Yet another reason needs to be considered for the differences between the printed Greek text and the Latin version--the likelihood that the Greek is corrupt. I would like to put forward the hypothesis that the Greek has undergone a clumsy and incompetent revision as a result of the fear of Origenism caused by Theophilus of Alexandria's expulsion of the Nitrian monks in 399/400. Jerome provides a starting point. He states of Rufinus that he wrote a book about monks and lists many in it who never existed; the ones whom he describes were without doubt Origenists and condemned by the bishops. Jerome then lists Ammonius, Eusebius, Euthymius, Evagrius, Or, and Isidore. (8)
The first three names given by Jerome are those of three of the four famous Tall Brothers, the leaders of the Origenist monks of Nitria persecuted by Theophilus. An account of them is given in chapter XXIII of the Latin version as part of the description of the settlements of Nitria and Cellia (XXI ft.). Firstly it is worth noting that the account of Nitria is much briefer in the Greek (XX.5 Festugiere, XXIII Preuschen) than in the Latin, confining itself to the record of the visit. The Greek includes a reference to the rivalry of the monks in their ascetic practices omitted in the Latin, but it omits the enthusiastic praise contained in Latin XXI at lines 4-5 (sins abolished there), 9 (their faith and charity), 19-20 (mystical reasons for foot-washing), and paragraphs 1,5 and 1,6 exclaiming on their virtues, agreement in teaching, works of mercy, and biblical study. Instead of all this the Greek merely summarizes with the words, 'Who would speak of all their virtues, being unable to say anything worthily?' The beginning of the account of Cellia which follows has clearly suffered corruption in the Greek. Whereas the Latin gives the position of this settlement in the inner desert and states that Cellia is its name, the Greek does not recognize Cellia as a proper name (XX.7 Festugiere, XXIII.3 Preuschen). Another difference is that the Greek refers to brothers being found dead in their cells, whereas the Latin states that if brothers fail to appear in church they are visited by the other monks.
There follows the account of Ammonius and the other three Tall Brothers (XXIII). The Latin starts with three paragraphs praising Ammonius' virtues, which are omitted in the Greek (XX.9 Festugiere, XXIV Preuschen).
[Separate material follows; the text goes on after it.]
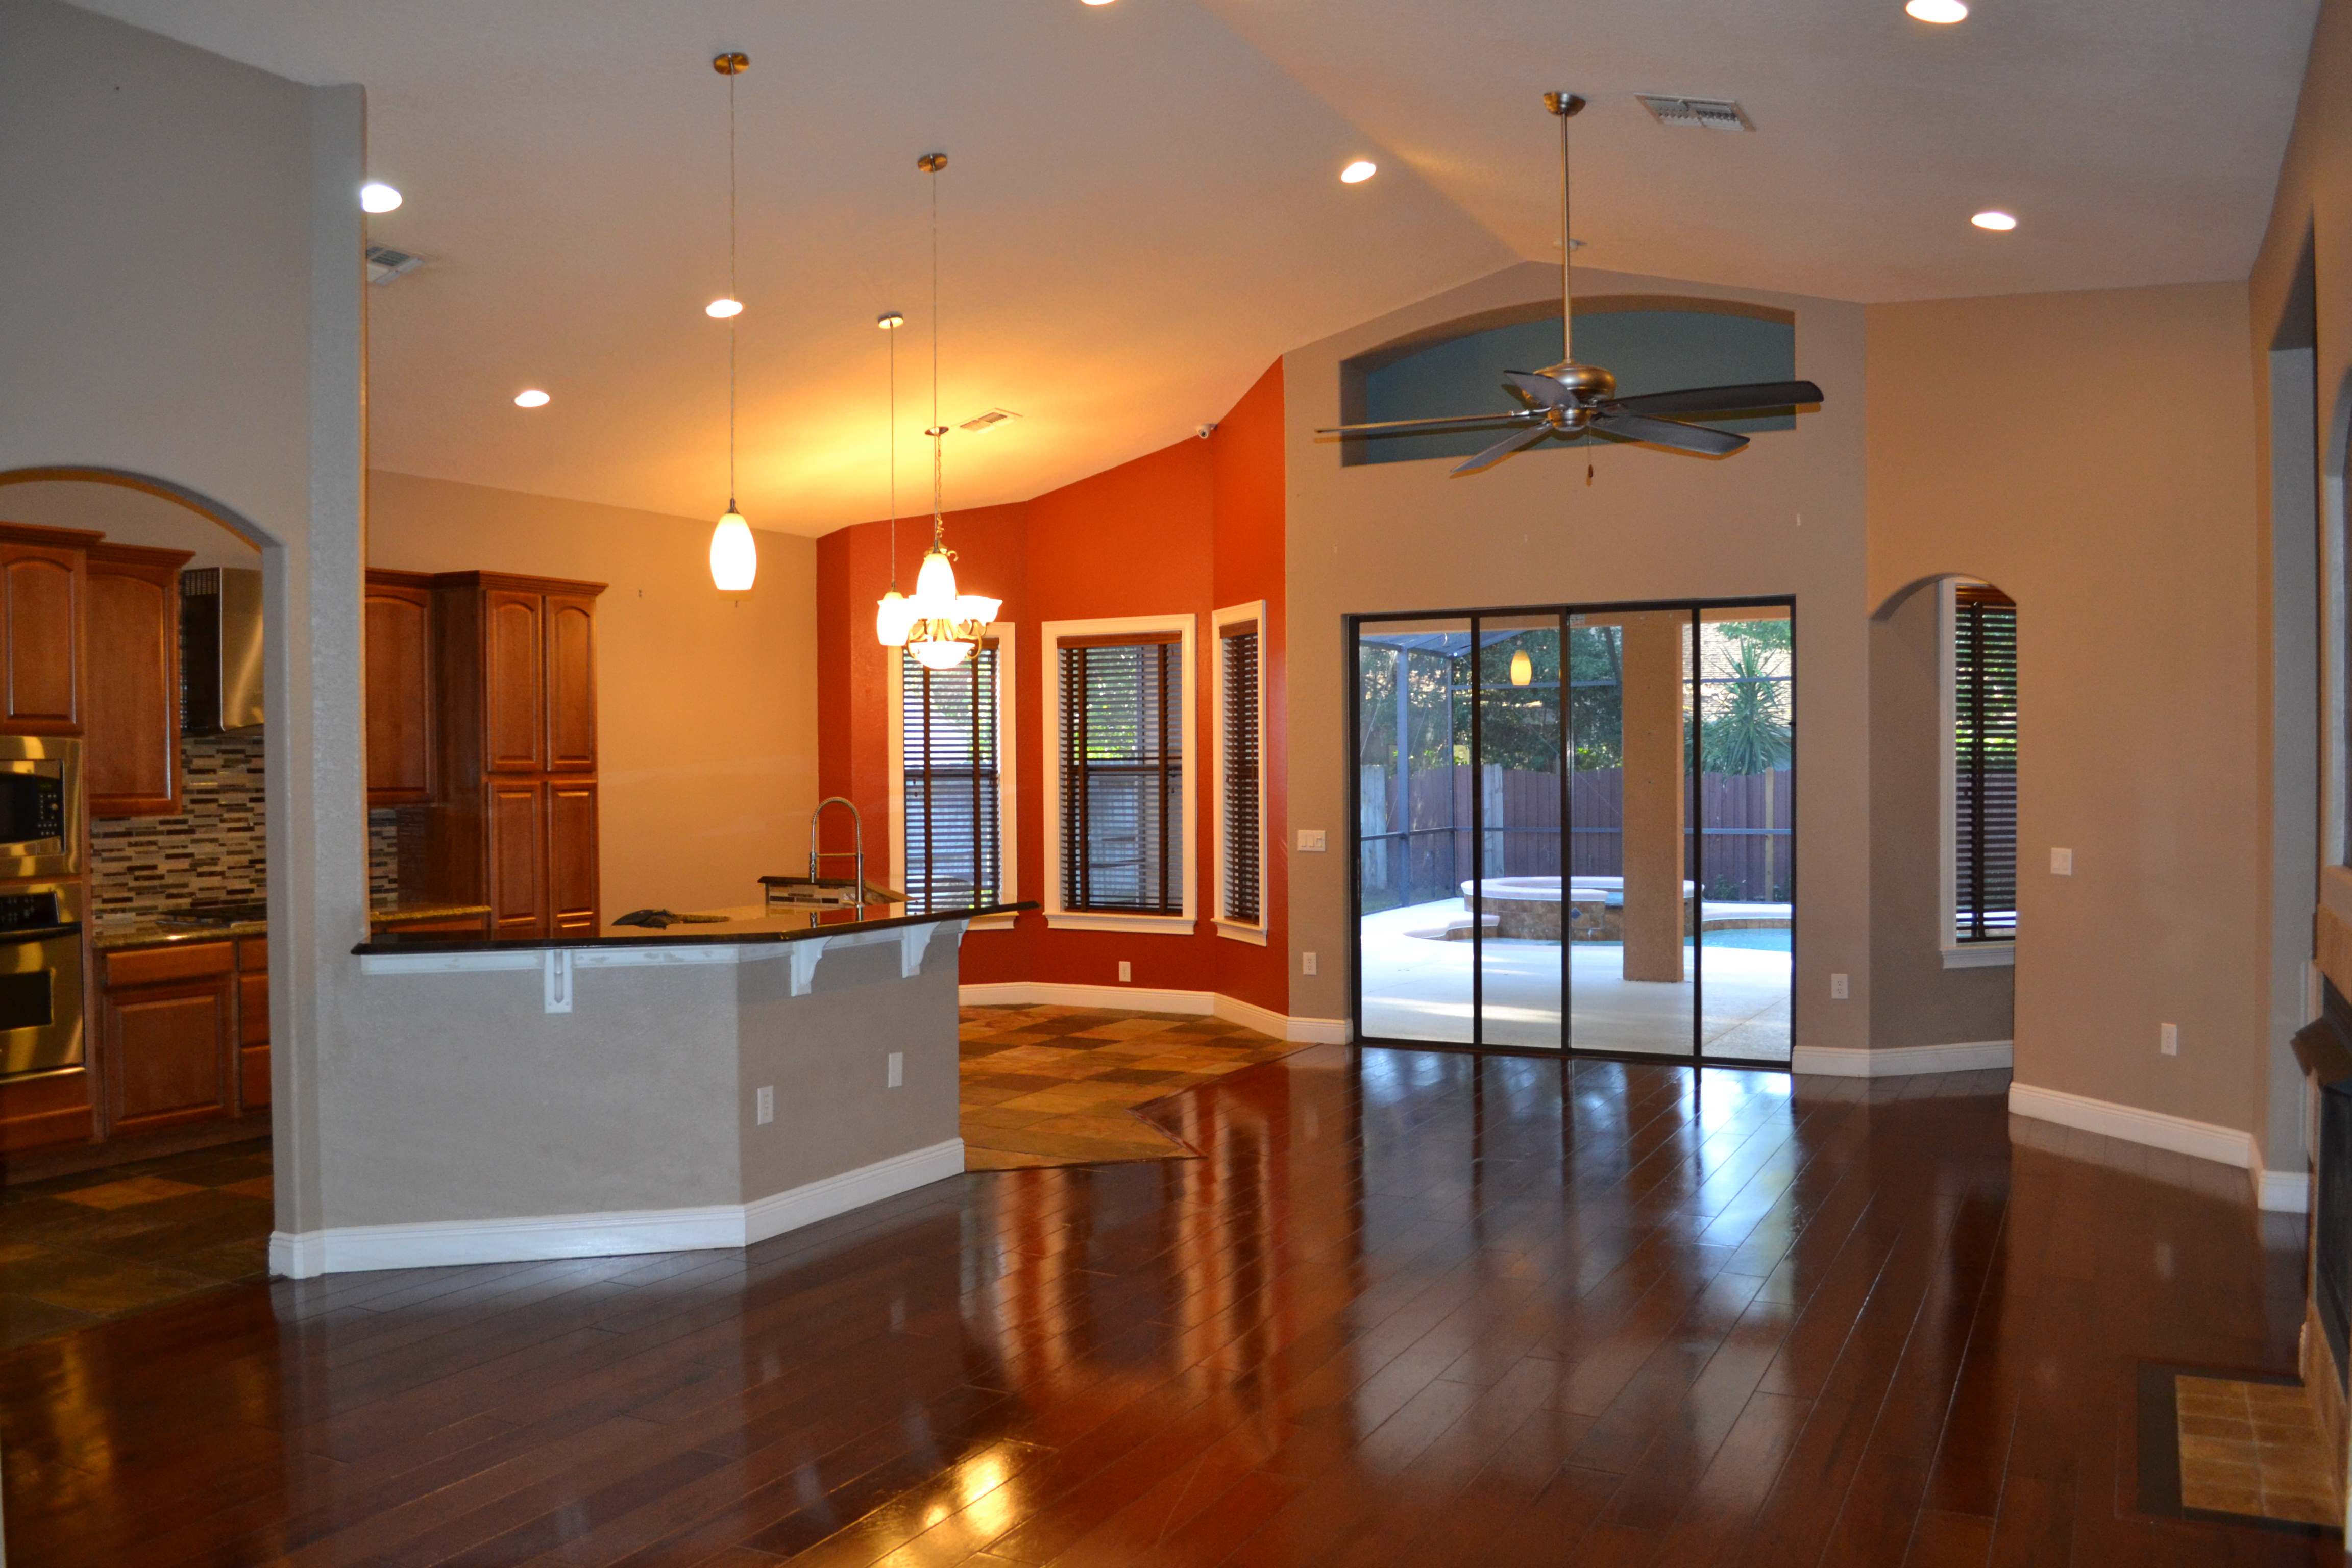 Photo of 461 Sanford Avenue, Longwood, FL, 32750

There then follows a paragraph on his two brothers, Eusebius and Euthymius, together with a mention of the fourth brother, Dioscorus, who was made bishop against his will. The brothers are praised as teachers and comforters of all the monks in that area. This paragraph is omitted in the Greek and the names of Ammonius' three brothers are not mentioned, but instead there appears at a slightly later point (XX. 14 Festugiere, XXVI.2 Preuschen) a garbled paragraph about three brothers who cut off their ears in order to avoid being made bishops (cf. Schulz-Flugel p. 10 on this anecdote).
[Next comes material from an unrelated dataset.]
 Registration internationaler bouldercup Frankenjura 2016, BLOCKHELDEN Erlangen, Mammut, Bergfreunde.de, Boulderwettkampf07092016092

After two short sections on Didymus and Cronius in both versions, the Latin has a short section on the monk Origenes (XXVI). This is completely omitted in the Greek. Why? For the simple reason that the name was regarded with alarm, something which gives an indication of the intellectual level of the reviser who made this excision. The following section on Evagrius is much shorter in the Greek than the Latin and omits some of the praises included in the Latin version. (9) The sections on the other two monks named by Jerome occur at different points and are not connected with Nitria (II and XVII Latin). Jerome will be incorrect in regarding them as Origenists. He has presumably confused the Or of the HM with Or of Nitria, and Isidore with the Isidore of Alexandria persecuted by Theophilus. The Greek version emphasizes the orthodoxy of Or's faith (II.7 Festugiere, II.7 Preuschen).
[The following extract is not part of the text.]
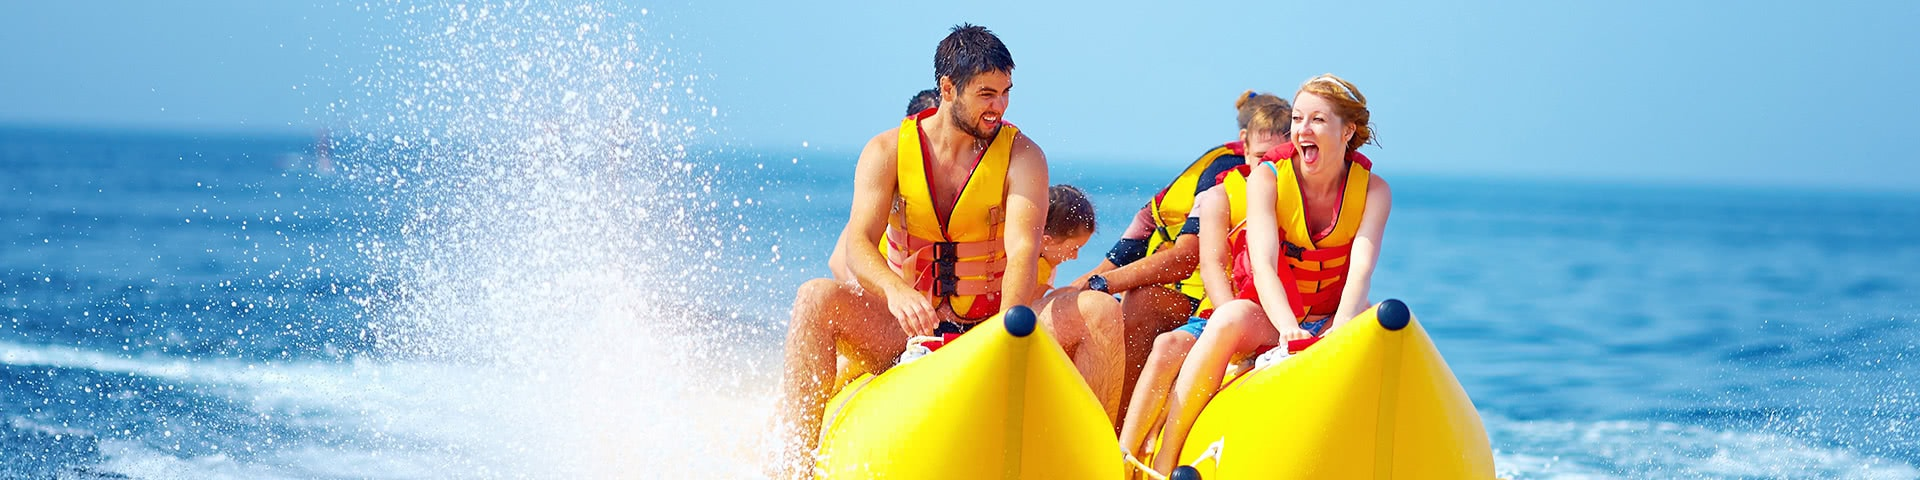 Bananenboot fahren auf Mallorca

It is likely that some of the differences just listed between the Greek and Latin versions of the Nitrian sections of the HM are caused by Rufinus' improvements, but others are the result of alterations to the Greek text. (10) The theory of an anti-Origenist revision need cause no surprise. The text of Palladius, Lausiac History, has undergone the same fate. The names of Origen, the monk Origenes, Dioscorus, Ammonius, Eusebius and Euthymius, Evagrius and others have been excised or altered in various Greek manuscripts and versions, (11) and other alterations have also been made. Recently this anti-Origenist revision in the transmission of Palladius has been discussed by Bunge, who also quotes Coptic evidence for it. (12) He dates it to the sixth century (p. 125), but perhaps the possibility of an earlier date should also be considered.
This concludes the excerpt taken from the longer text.